Nike Space Hippie
- Type: Sneakers
- Inventor: Nike, Inc.
- Inception: 2020; 5 years ago
- Manufacturer: Nike
- Website: nike.com/space-hippie

= Space Hippie =

Sneaker collection

Space Hippie is a line of sneakers by Nike engineered from recycled materials, released by the company in 2020.

== Overview ==
Nike's Space Hippie sneakers and their packaging are made factory scraps. from "rPoly", an amalgam of recycled water bottles, t-shirts, and yarn. Their midsole uses rubber that Nike had used in its redesign of a Miami high school football field amid other foam scraps. Their design borrows from moon shoes, based on their chunky, recycled, speckled foam soles. The Space Hippie knit upper uses earth tones while other parts of the shoe have bright orange accents.

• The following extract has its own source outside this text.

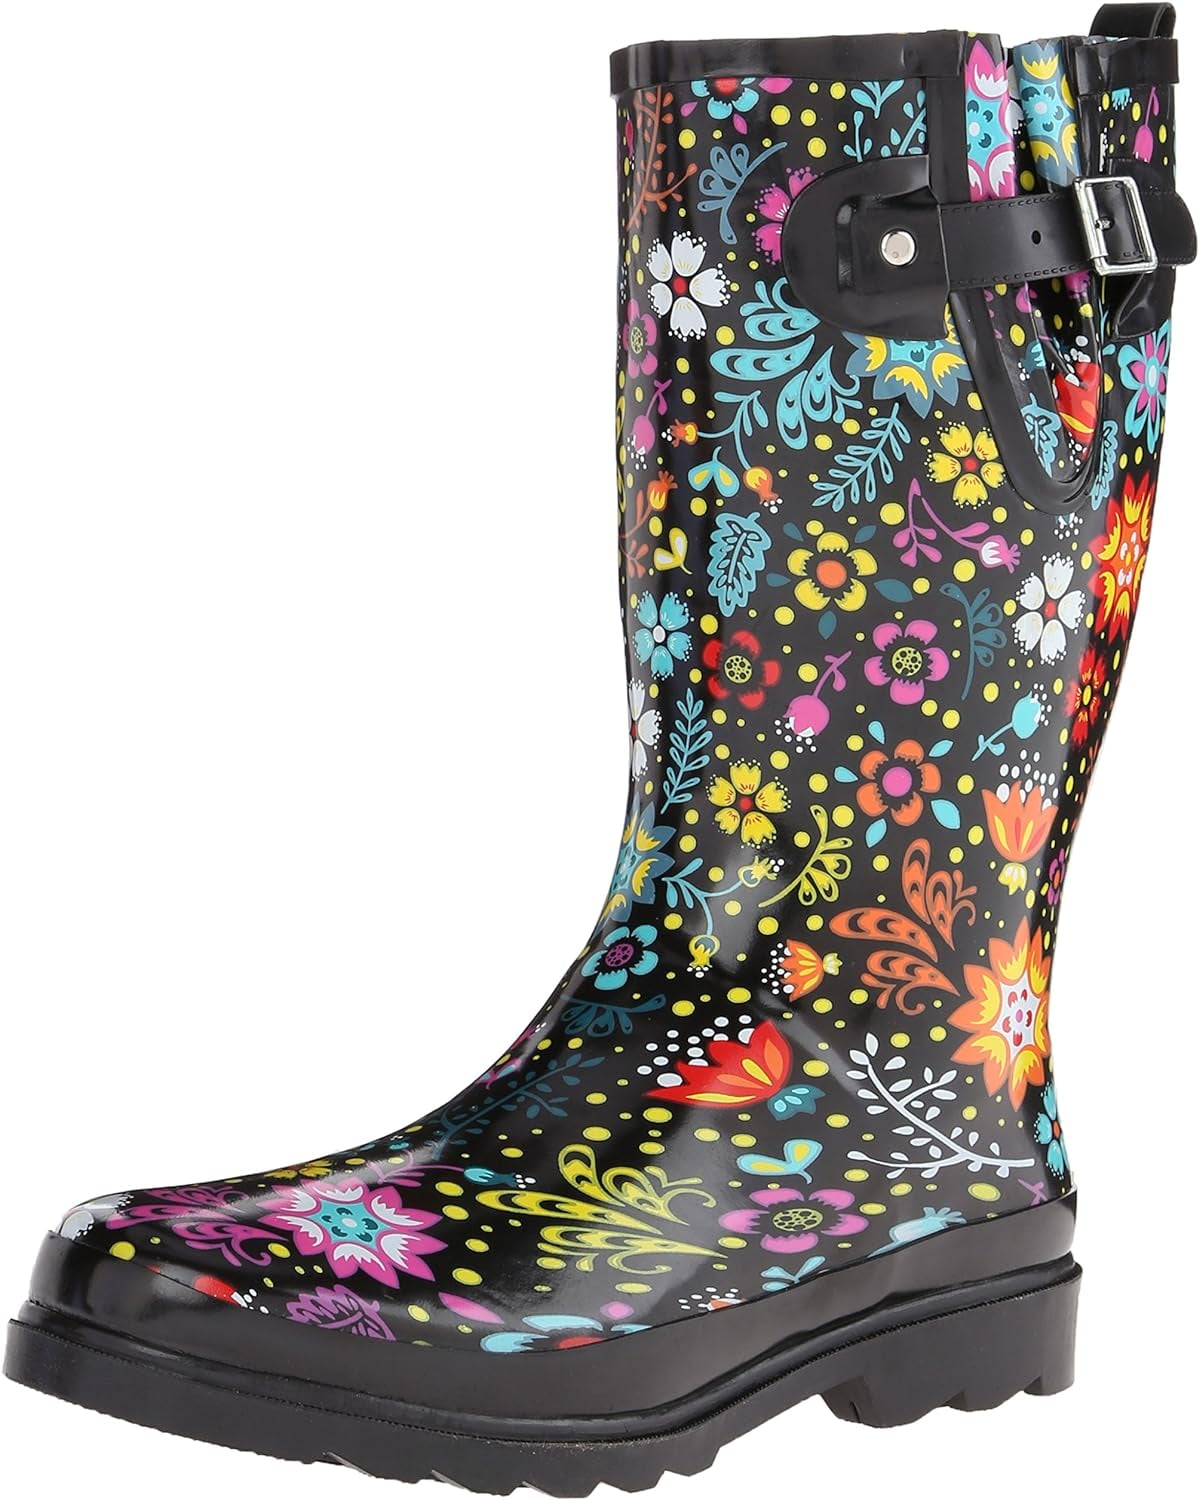 7 best rain boots for women

There are four sneakers in the collection, "Space Hippie 1" through 4. Space Hippie 3 is a futuristic high-top with exposed Flyease lacing, which lets wearers adjust the fit by pulling on straps rather than tying lacing. Space Hippie 4 is designed for women and has a light gray sole where the other sneakers use light blue.

Apart from the orange and gray color scheme used in the original line, Nike released additional colorways in 2020. The "Volt", released in July, uses light blue and light gray. The "Wheat White" colorway for the Space Hippie 01 uses a faded black and released in August. Space Hippie 04 was released in September in "Astronomy Blue".

== Production ==

The sneakers were designed to use scrap materials yet remain within the Nike brand aesthetic. Nike has said the sneakers have their lowest carbon footprint.

Nike announced the sneaker in February 2020. Originally set for release in April 2020, they were delayed due to the COVID-19 pandemic and released in June.